Une intuition qui semble confirmée par la multiplication des appels en ce sens, de la gauche libérale incarnée par Raphaël Glucksmann, qui rêve d’un parlementarisme à l’allemande, jusqu’à la gauche un peu moins réformiste qui entend sortir de la cave les ambitions d’une démocratie participative, à l’instar de Clément Viktorovitch, qui a consacré une vidéo au sujet. Une intuition également confirmée par un sondage récent commandé par Politis, qui a consacré un dossier au sujet : 63% des Française et Français seraient favorables à une nouvelle constitution. 

Une aubaine pour l’écologie ?

L’écologie pourrait-elle sortir grandie d’une rupture institutionnelle ? Dans les demandes de VIe République ou de révision constitutionnelle majeure qui émergent de la gauche, certaines marquent clairement leur désir pour un régime parlementariste, comme de nombreux autres pays européens peuvent connaître. Construire une nouvelle « culture du compromis » à travers des coalitions politiques ad hoc, sur chaque loi, permettrait de faire avancer des dossiers écolos (entre autres) et répondre à l’urgence tout en évitant la « brutalisation » qui empêcherait la discussion sur des termes pacifiés.
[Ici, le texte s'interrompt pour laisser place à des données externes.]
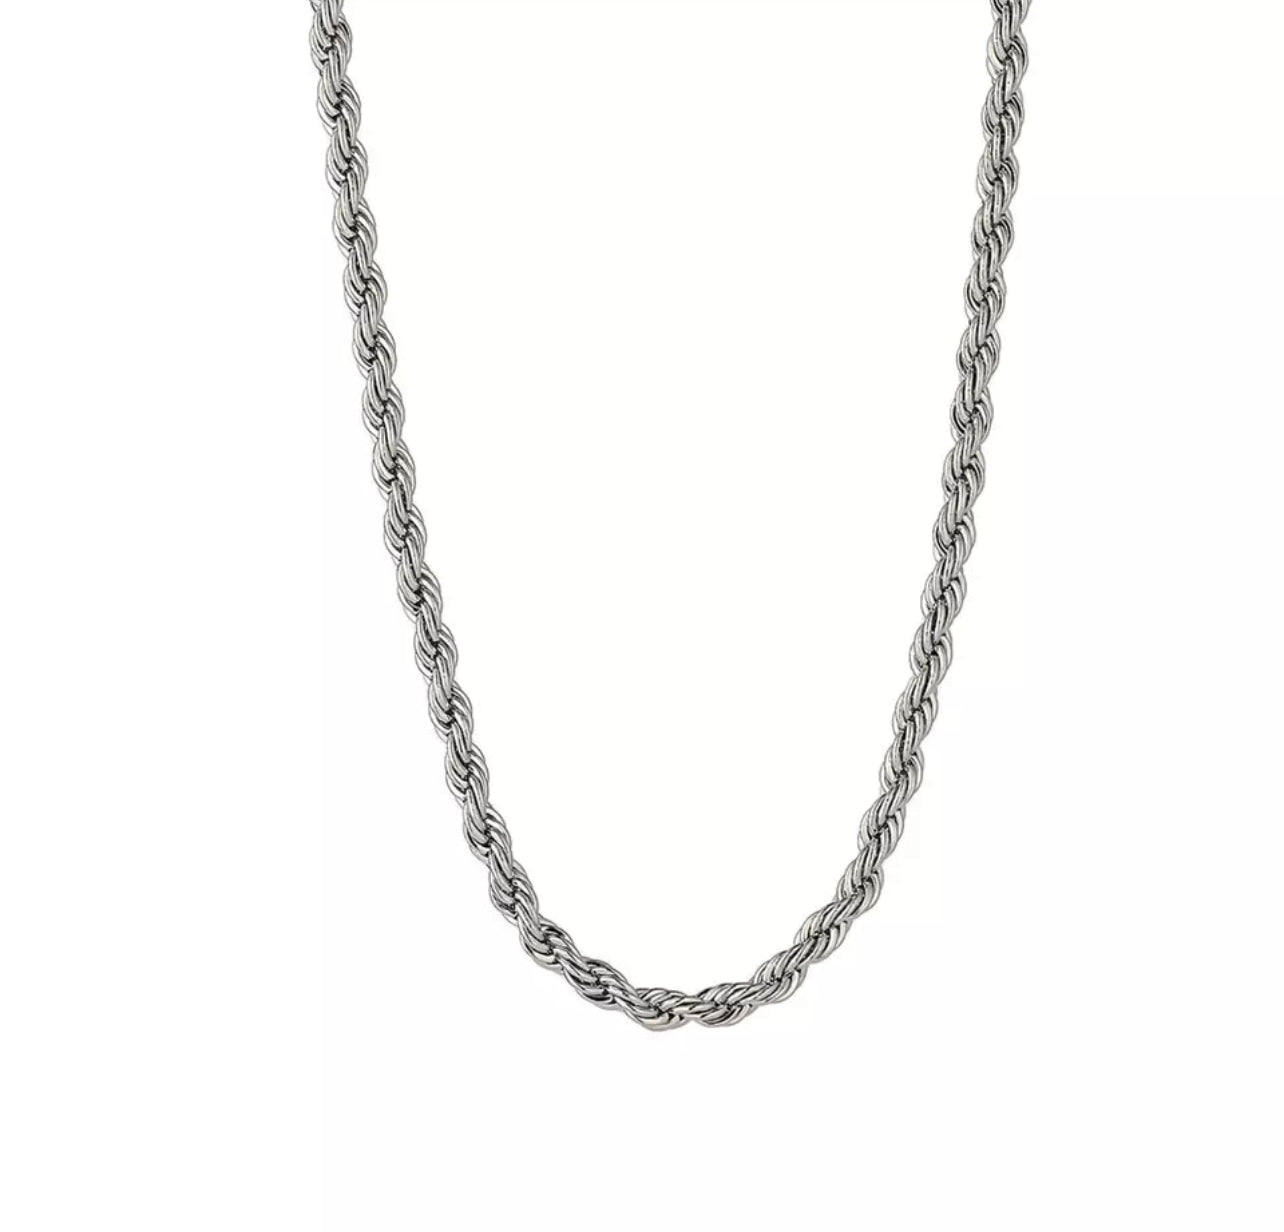 Thin Rope Necklace, Silver Chains for Women & Men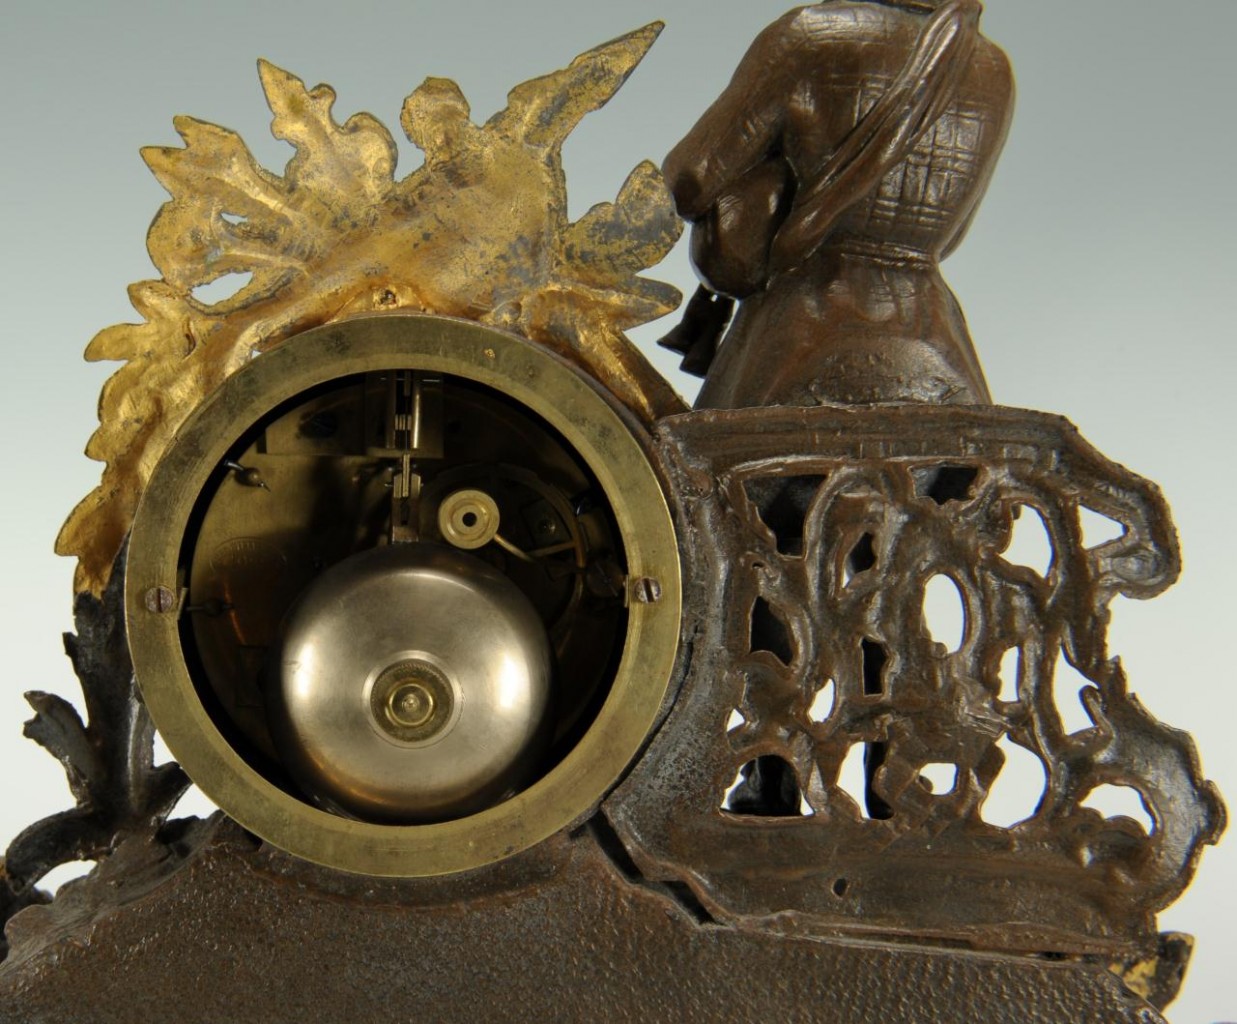 Lot 311: French Figural Bagpiper Clock under Dome

Autant le dire immédiatement : on ne voit pas bien ce que ça changerait. Déjà parce qu’il s’agit d’épouser une vision bourgeoise de la politique comme éthique de la pondération, de la modération, valorisant la recherche d’un compromis qui nie trop souvent la dimension profondément conflictuelle et clivante de l’écologie. Ensuite parce que les systèmes parlementaristes européens n’ont en rien prouvé qu’ils étaient en mesure de répondre à l’urgence sociale et écologique, et que la France abrite une des dernières gauches réellement de gauche et écologique d’Europe. Enfin : d’un point de vue électoraliste, les différents systèmes européens n’auraient, à de rares exceptions près, pas réglé le problème de la tripartition. Notons même que le RN aurait remporté la victoire (sinon la majorité absolue) dans la plupart des autres pays européens.

L’option de la démocratie radicale

En revanche, une autre proposition colle bien davantage aux réflexions menées par une partie du camp de l’écologie : l’Assemblée tirée au sort. Par son ancrage localiste, sa culture de l’autonomie, la prise en compte du temps long et des générations futures, ses racines libertaires, ses courants d’influence anarchiste, l’écologie politique est l’espace intellectuel où le dépassement du système de la représentation nationale traditionnelle a été le plus riche ces dernières décennies.

Une réflexion qui s’inscrit dans un débat plus large sur l’héritage de 1789 et même de la démocratie athénienne, et sur les modalités d’expression du demos. Comme le résumait Montesquieu : « Le suffrage par le sort est de la nature de la démocratie. Le suffrage par le choix est de celle de l’aristocratie ». On ne reviendra pas en détail ici sur ce débat historique, et sur le fait que ce que nous appelons démocratie est en réalité une forme d’aristocratie élective qui signe la victoire, lors de la Révolution française, du camp de la représentation sur le camp des démocrates.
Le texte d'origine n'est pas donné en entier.